Motivation für Softwareteams II – Unterbrechungen

Nichts demotiviert einen Softwareentwickler mehr, wenn man nicht zum Programmieren kommt. Wir sind Programmierer und wollen nicht ständig unterbrochen werden oder unsere Zeit in nicht relevanten Meetings verbringen. Dieser Teil meiner Blog-Serie handelt also darum, dass Entwickler wieder mehr Zeit bekommen, sich um den Code zu kümmern. Mich hat es als Team Leiter mit Entwicklungsanteil immer wieder motiviert, sich wirklich einen Tag lang um den Code zu kümmern. Das macht Spaß!

It is Coding Time!

Hiermit schließt man einfach die gesamte Softwareentwicklung gegen Störungen für ein paar Stunden am Tag. Während dieser Zeit kann man sich dann ausschließlich ums hacken kümmern. Telefongespräche sollten während dieser Zeit vermieden und die Telefone auf Stumm geschaltet werden. Ein Schild an der Tür weist darauf hin, dass Störungen nur im Notfall gestattet sind. Auch kann ich empfehlen, während dieser Zeit das Emailprogramm zu schließen. Kann eine Diskussion mit einem Kollegen nicht bis nach der Codezeit warten, sollte man sich außerhalb der Coding-Area unterhalten, um andere Mitarbeiter bei Ihrer Konzentration nicht zu stören.

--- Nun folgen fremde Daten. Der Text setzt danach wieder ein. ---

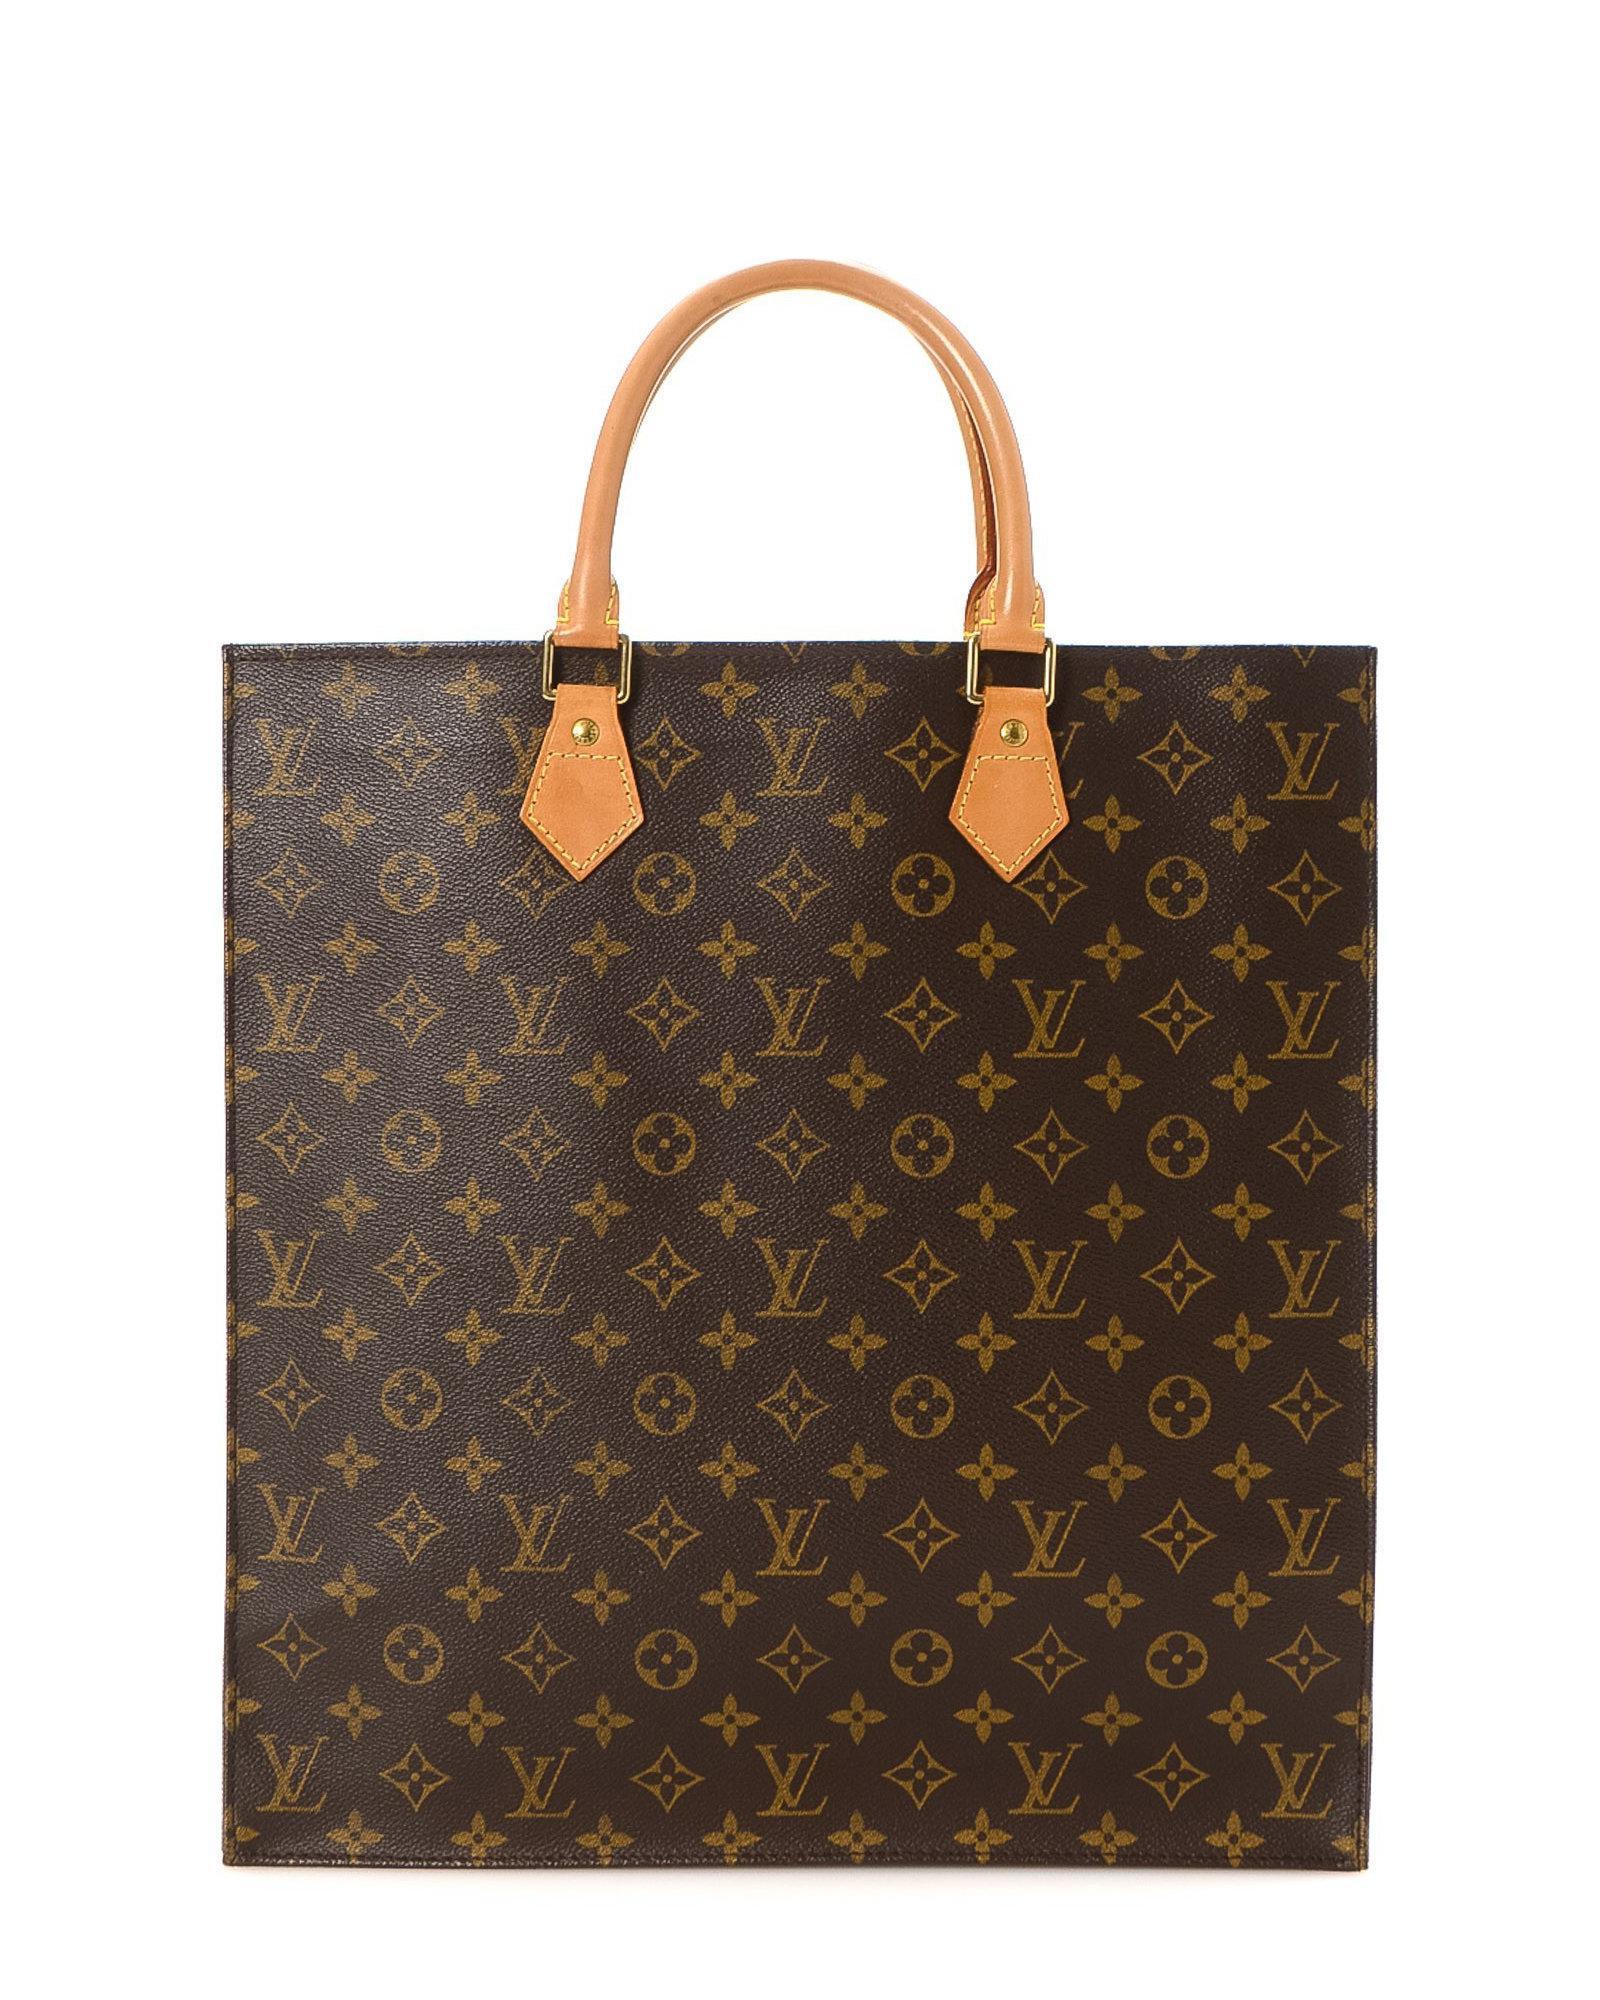 c2d66bdbb26e Lyst - Louis Vuitton Sac Plat Pm Tote Bag - Vintage in Brown

Wie denkt das Management oder andere Abteilungen darüber, wenn spontane Ideen nicht mehr sofort an die Programmierer rangetragen werden können, oder dass eine Anfrage maximal 3 Stunden liegenbleibt? Ich habe die Erfahrung gemacht, dass darauf positiv reagiert wird. Andere Abteilungen oder auch der Chef selber würden auch gerne eine Zeit einführen, in der sie ungestört arbeiten können. In der Anfangsphase braucht es ein wenig dicke Haut, um Kollegen auf die Codingzeit hinzuweisen. Aber nach ein bis zwei Wochen hat jeder diese Zeit am Tag für sich abgespeichert. Man weiß, dass man die Softwareentwicklung während dieser nicht ansprechen kann.

Was die beste Zeit am Tag ist und wie lang diese Zeit sein sollte ist natürlich sehr individuell. Bei uns hat sich die Zeit nach dem Mittag bis 16:00 als sehr praktikabel erwiesen,  da man schon alle wichtigen Emails beantwortet hat und  das Stand Up schon gelaufen ist.

Und dann? Programmieren, in den Flow kommen und mal richtig was schaffen!

Der, der den Hut auf hat!

Eine andere Möglichkeit, Unterbrechungen zu vermeiden, ist die Rolle des Ansprechpartners. Hier wird ein Mitarbeiter ausgewählt, das Team zu repräsentieren. Alle Anfragen gehen an ihn. Um den Kollegen für andere Abteilungen als Ansprechpartner sichtbar zu machen, kann dieser einen bestimmten Hut aufsetzen. Er hat dann für den Tag für Supportfragen den HUT auf,  oder man stellt eine Figur oder Trophäe auf den Schreibtisch, die ihn eindeutig als Ansprechpartner ausweist. Am nächsten Tag übernimmt dann ein anderer Mitarbeiter diese Rolle. Das setzt allerdings voraus, dass es im Team keine ultimativen Spezialisten gibt sondern jeder theoretisch den Job des anderen übernehmen kann.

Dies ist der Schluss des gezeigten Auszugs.